Traveltime signature of 3-D edge diffractions exemplified by triple-square-root moveout

TL;DR

This paper introduces a new traveltime formula for 3-D edge diffractions, called the triple-square-root moveout, which helps identify and analyze edge diffractions in seismic data more effectively.

Contribution

It derives an exact traveltime formula for 3-D edge diffractions and demonstrates its application through comparison with standard moveouts and wave modeling.

Findings

The triple-square-root moveout accurately models edge diffractions.

Mixed source-receiver derivatives identify diffractions at arbitrary offsets.

The method enables sorting data into focused fragments on edges.

Abstract

Various underground anomalies, both natural and artificial, cause diffraction of high-frequency seismic and electromagnetic pulses emitted from the earth's surface.
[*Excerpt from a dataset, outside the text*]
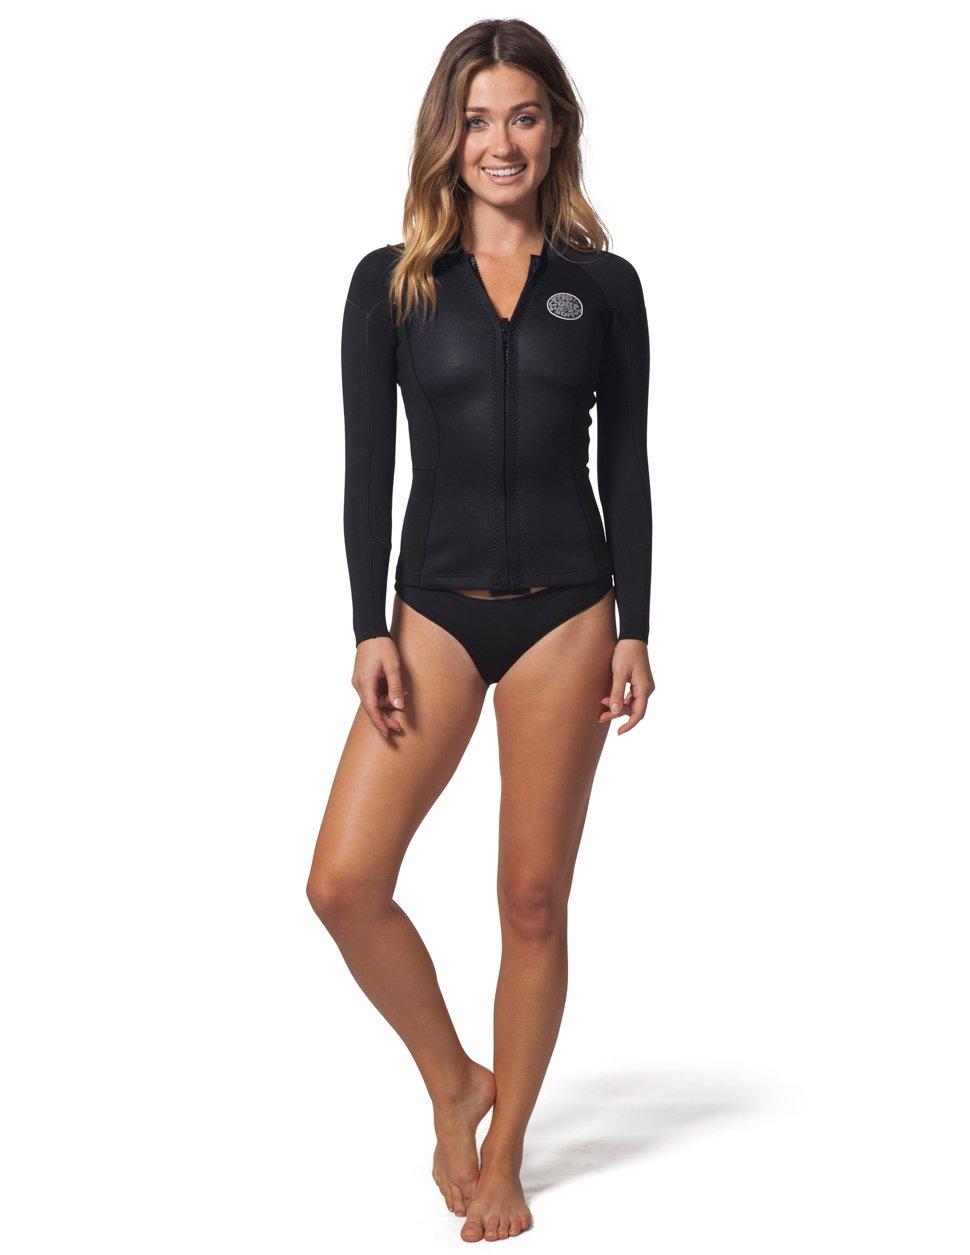 Rip Curl Dawn Patrol Long Sleeve Wet Suit Jacket, 10, Black by Rip Curl
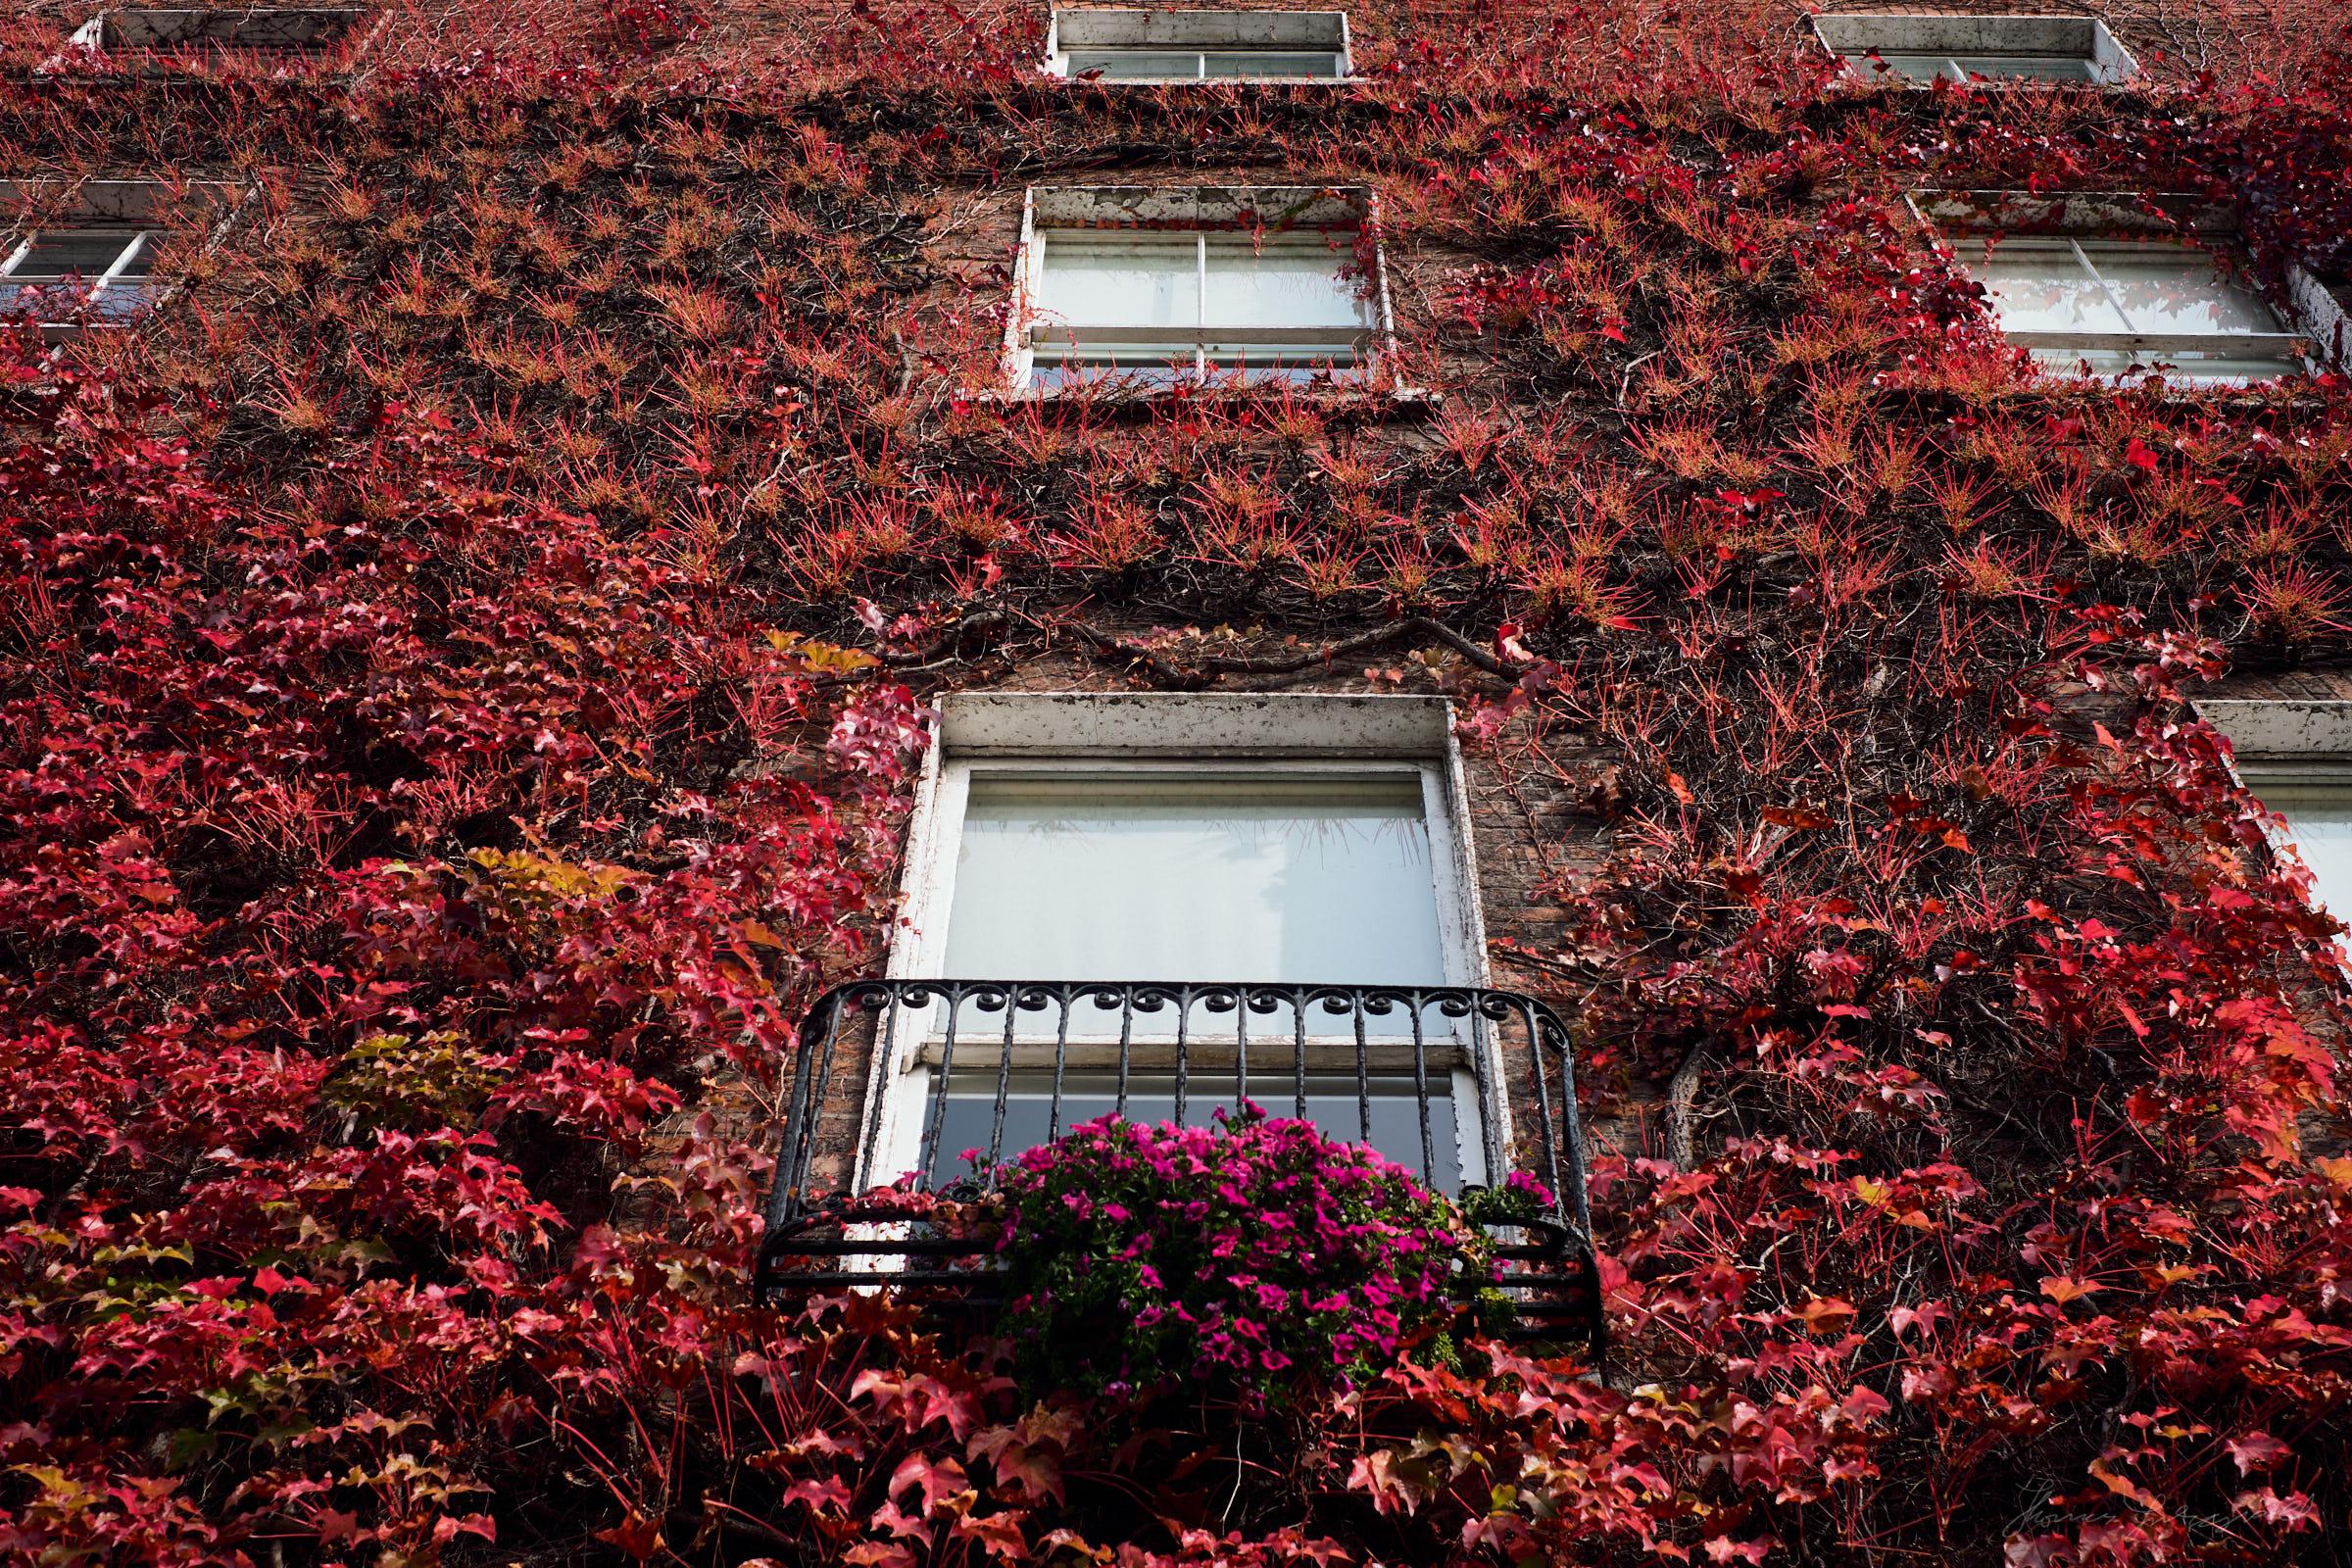 Street-and-park-autumn-380-Jpeg for Web.jpg

Backscattered, they are registered by seismic sensors and ground-penetrating radars. Most of these signals can be categorized as either point or edge diffraction. Despite the abundance of linear structures in geological formations and among buried anthropogenic objects, diffraction processing often relies on the idea of point diffraction. However, 3-D edge diffractions have unique properties that need to be exploited. We show that the mixed source-receiver traveltime derivatives, available from data, identify edge diffractions at arbitrary offsets. Additionally, they constitute a system of ordinary differential equations describing finite-offset focusing curves on the acquisition surface. Such curves enable sorting of the data into fragments that focus on specific points on the edge. To confirm and demonstrate these properties, we derive an exact traveltime formula for a straight diffractor in a homogeneous medium. We refer to it as the triple-square-root moveout in analogy to the double-square-root moveout of 2-D diffractions. Since it represents a potentially useful approximation, we compare it with standard moveouts and wave modeling.